▶ [About this task]: If pictures are present, leave them out, and copy the data word for word.

▶ [Given material]:
#####
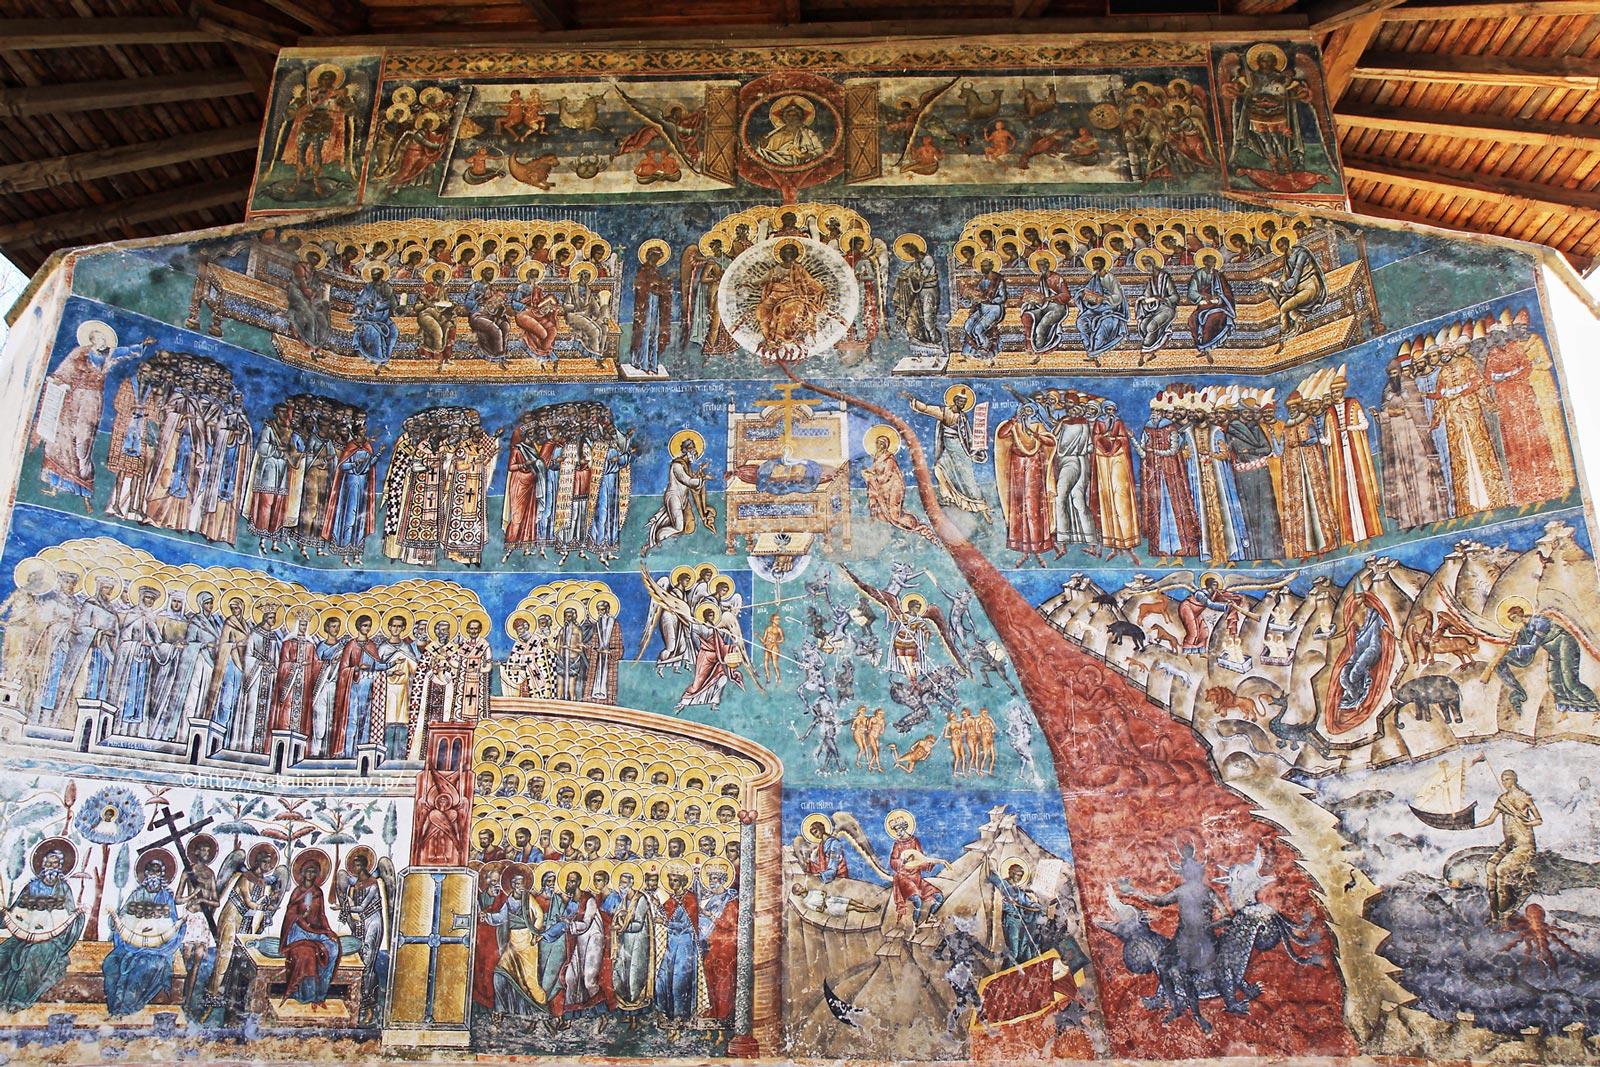 ルーマニア「モルドヴィア地方の教会群」- ヴォロネツ修道院(最後の審判)
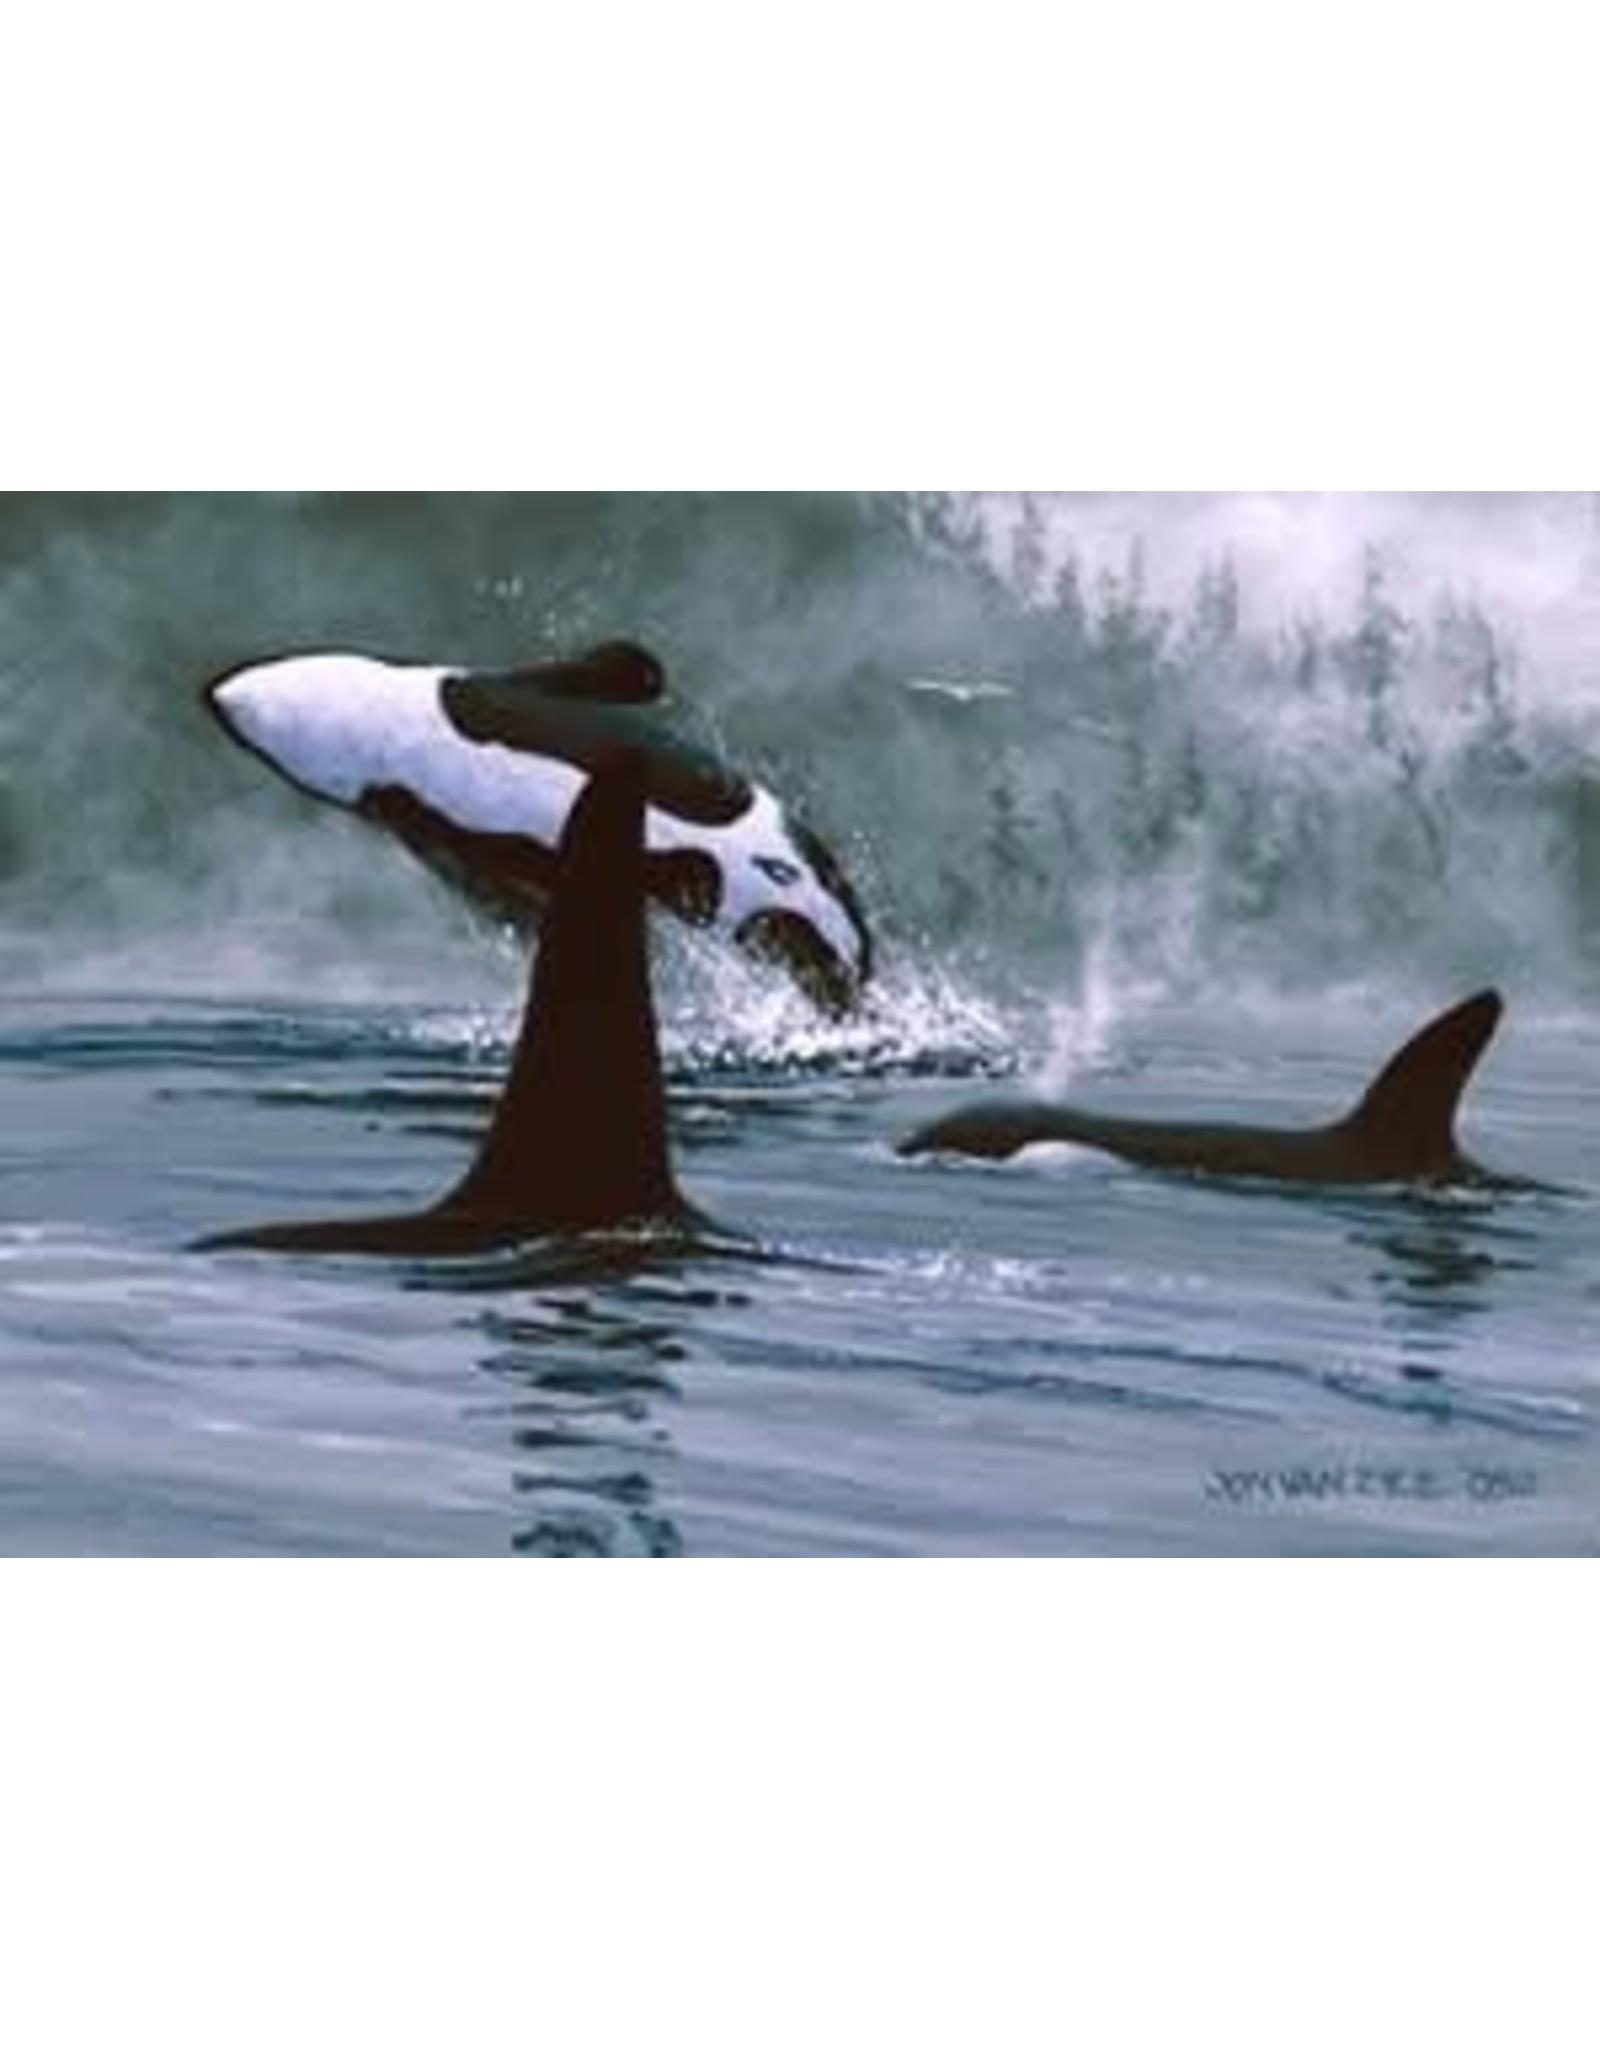 Jon Van Zyle Orcas | Jon Van Zyle
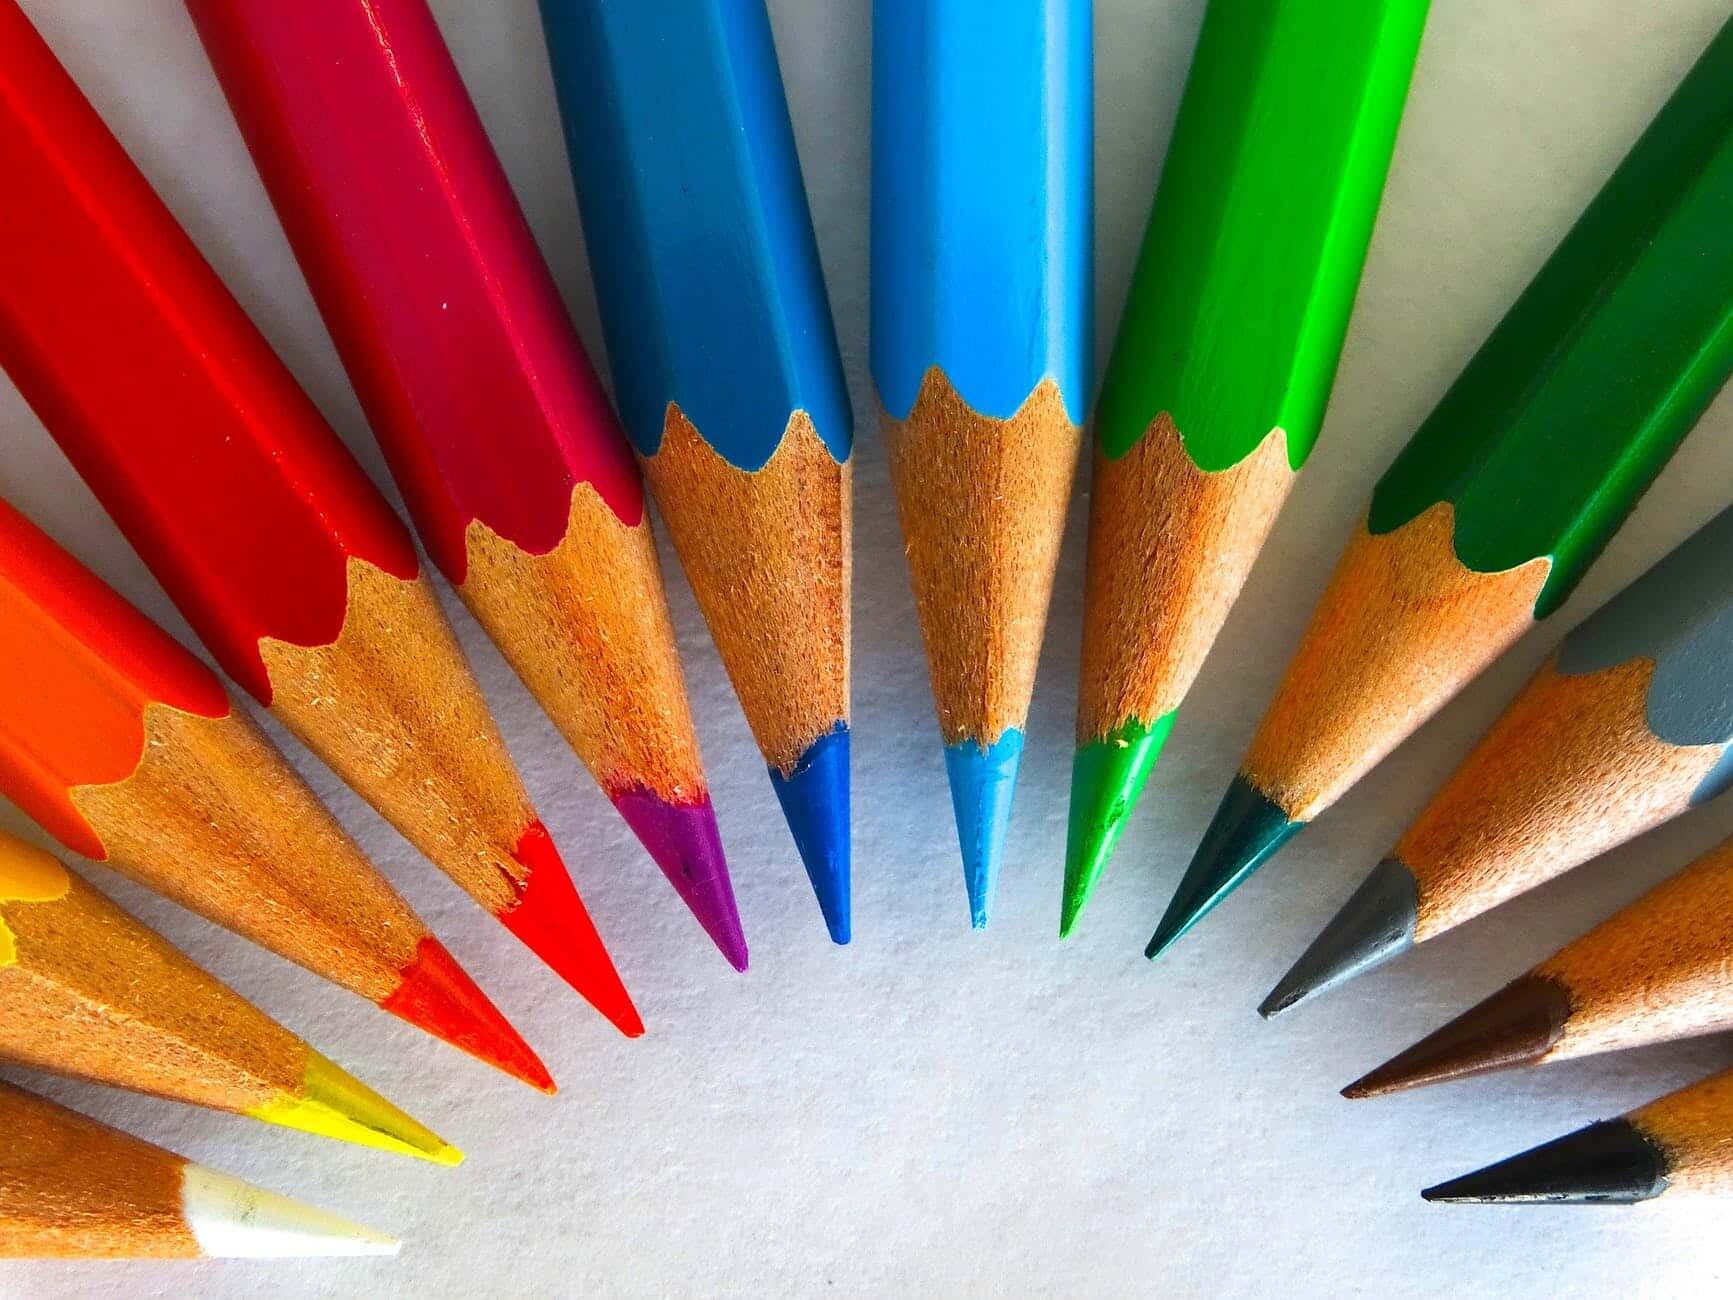 pens colorful color paint
#####
▶ [Problem solution]:
 ルーマニア「モルドヴィア地方の教会群」- ヴォロネツ修道院(最後の審判)
 Jon Van Zyle Orcas | Jon Van Zyle
 pens colorful color paint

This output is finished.